Deux ans après son superbe (et désormais culte) Week-end, il devenait nécessaire de suivre de près la carrière d’Andrew Haigh (on attend pour novembre son prometteur 45 years, reparti du festival de Berlin avec un double prix d’interprétation pour Charlotte Rampling et Tom Courtenay). Conforté par le succès critique de Week-end, Haigh s’en est allé de l’autre côté de l’Atlantique pour produire, écrire et mettre en scène une nouvelle série HBO créée par Michael Lannan, la bien-nommée Looking. Soit la vie, les amours et les emmerdes de trois potes à San Francisco à l’heure de Facebook, des applications de drague et du Sida.
On a beaucoup reproché à Looking son tempo paresseux et de ne pas raconter grand-chose, voire de ne rien raconter du tout, quand c’est précisément dans ce "rien", dans ces petits détails et ces tranches de vie quasi anecdotiques, que vient se nicher toute la force d’écriture et de réalisme de la série, loin des carcans télévisuels actuels (cliffhangers incessants, rythme infernal, intrigues bâclées, rebondissements inévitables…) ou de l’exubérance de Queer as folk US qui flirtait parfois, souvent, avec la caricature et la gaudriole tape-à-l’œil.
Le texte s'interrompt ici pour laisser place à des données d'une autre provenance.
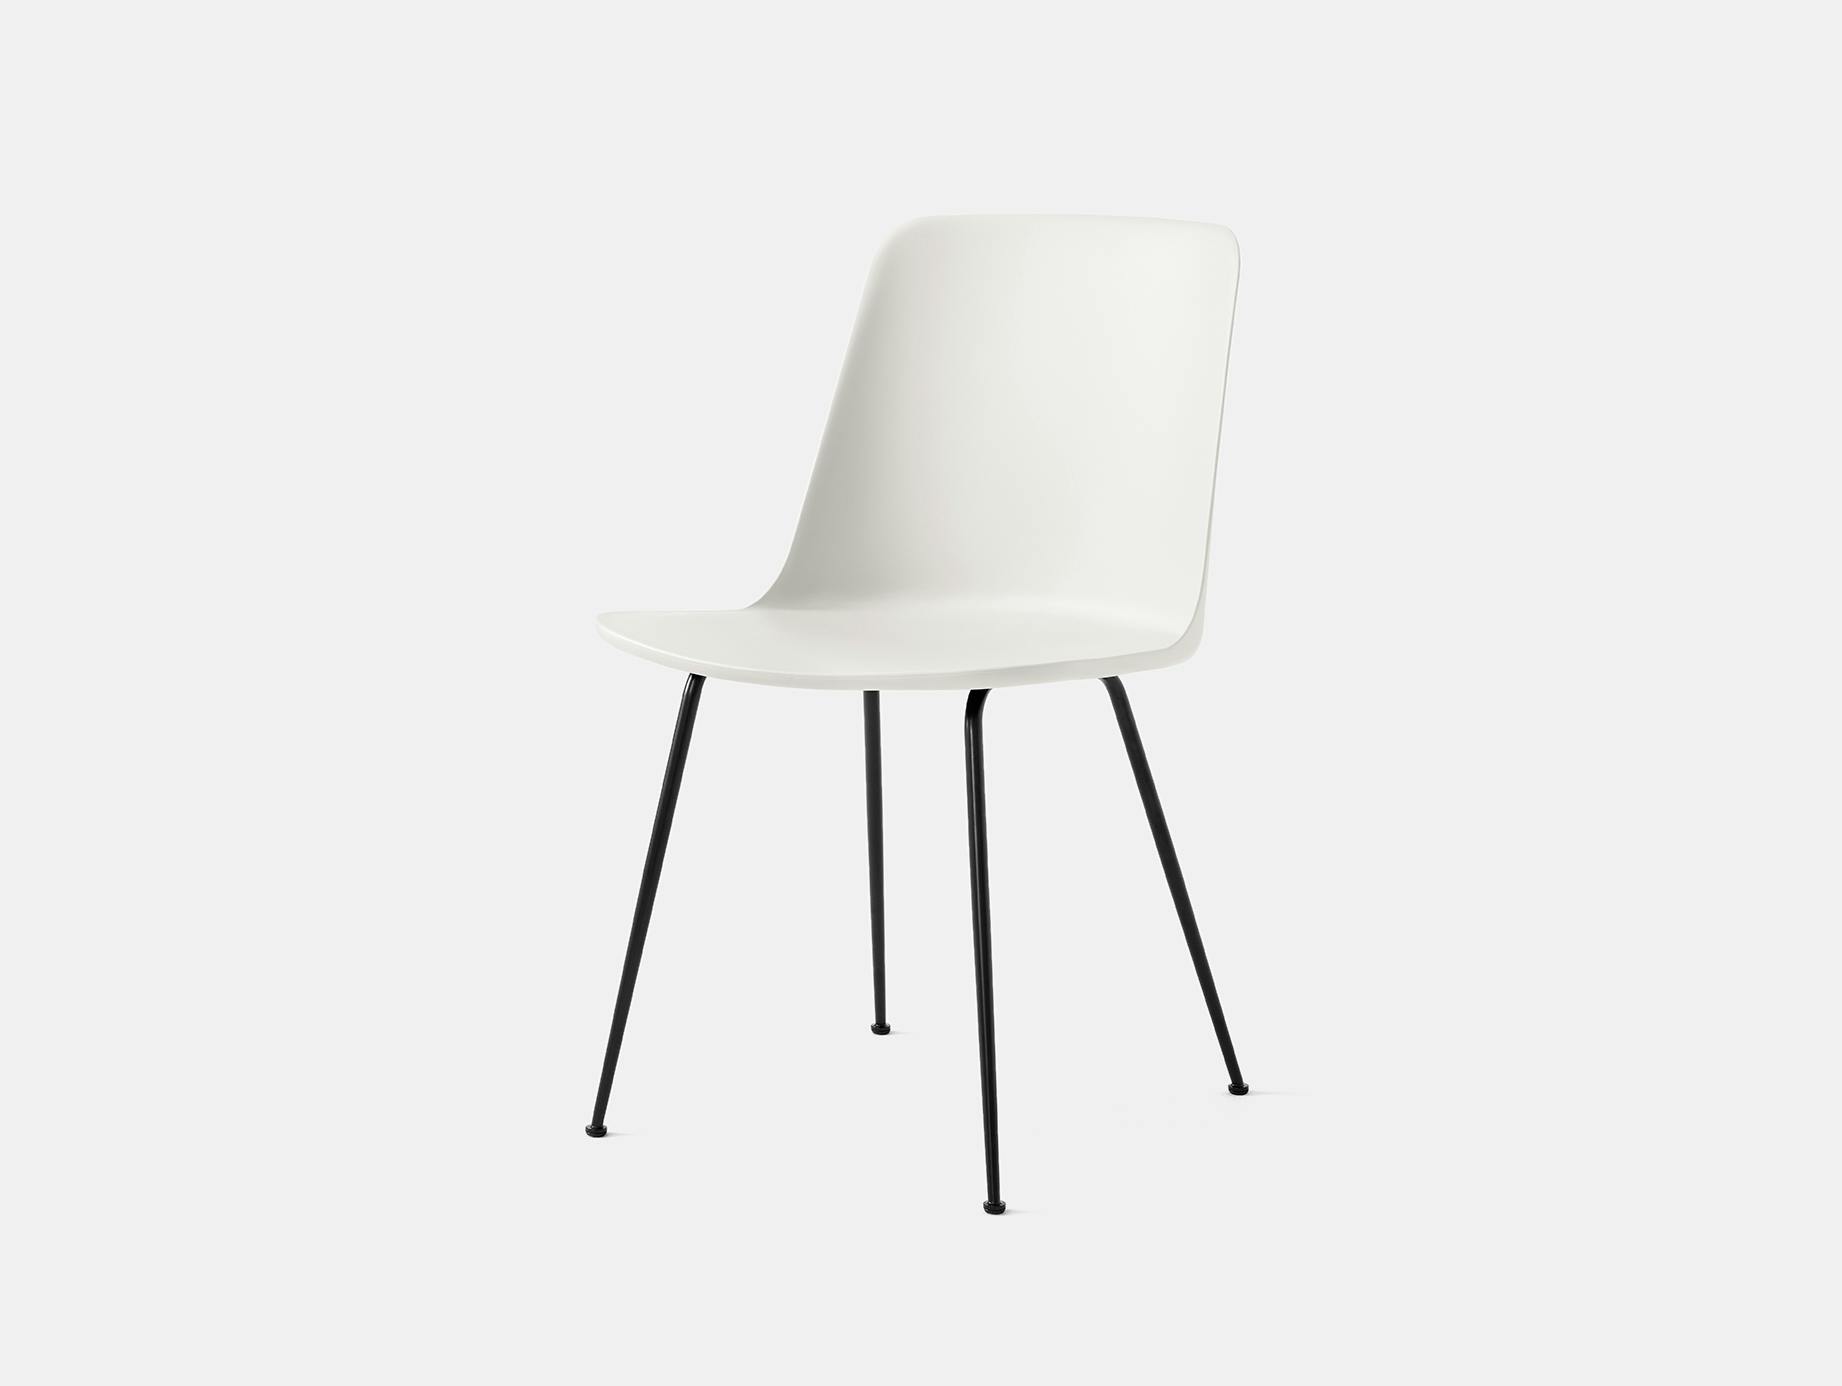 Andtradition rely chair four leg blk white

Cette finesse dans les dialogues, dans la mise en scène et la qualité du jeu des acteurs, qui fait toute la beauté et toute l’exigence de Week-end, se retrouve évidemment dans Looking au fil d’épisodes toujours enlevés, toujours drôles, toujours justes.
Plus étonnant encore, les trois personnages principaux, pas spécialement sympathiques au premier abord (Patrick, boy next door banal et presque énervant, Dom, serveur quadra, loser et moustachu, et Agustín, artiste en déroute et méprisant), parviennent pourtant à nous surprendre malgré leurs défauts et leurs (nombreuses) maladresses, personnages jamais lisses, jamais exemplaires, ne serait-ce au moins romanesques, mais tout simplement ordinaires comme ceux que l’on côtoie chaque jour, révélés dans toute leur faillibilité, désarmants et chiants, bancals et multiples. Comme eux, comme nous, comme les autres.
Et puis il y a San Francisco bien sûr, belle et démythifiée, jamais vantée comme s’y appliquerait un dépliant touristique. Il y a ses tramways bien sûr et la brume autour du Golden Gate Bridge, il y a ses rues en pente, ses façades victoriennes, et puis il y a Castro. Si donc il fallait obligatoirement reprocher quelque chose à Looking, ce serait davantage dans la "segmentation" de la série qui se concentre un peu trop sur Patrick et sa valse-hésitation entre Kevin et Richie, au détriment de Dom et d’Agustín, ou même de Doris (c’est principalement le cas dans la saison 2, même si Doris y devient un personnage plus substantiel et hérite d’un épisode poignant centré autour de la mort de son père).
Son format court (18 épisodes seulement, de 25 minutes environ) contrarie également un développement idéal, pas totalement achevé, des différents enjeux et protagonistes. Annulée (mais un téléfilm promis en guise de dernier chapitre pour clore les intrigues), Looking restera une parenthèse furtive et magique dans les grandeurs d’HBO, toute aveuglée et obnubilée par le succès monstre de Game of thrones. Il restera le pétage de plombs de Patrick lors d’une soirée d’Halloween, la danse hilarante de Kevin sur le Do what you like de Take that, la fête d’anniversaire de Dom, la balade amoureuse de Patrick et Richie, Dom et Doris qui se déchirent, la relation entre Agustín et Eddie (la vraie surprise de la saison 2, un big bear séropo, facétieux et attachant)…
Il restera surtout, au cœur du premier épisode de la saison 2, une scène extraordinaire et euphorique (la plus belle sans doute de Looking), travelling allant et venant, dans un élégant ralenti, dans une soirée féérique au milieu des bois pleine de groove, de joie et d’insouciance sur un remix fabuleux du Lost in music des Sisters Sledge. Ah oui, un dernier détail, mais a priori on s’en fout : Patrick, Dom et Agustín sont gays. On s’en fout parce que leurs histoires (galère de boulot, tumulte des sentiments, routine du quotidien, envie de se sentir bien, d’être heureux enfin…), au-delà des préjugés et de leur sexualité, sont un peu les nôtres.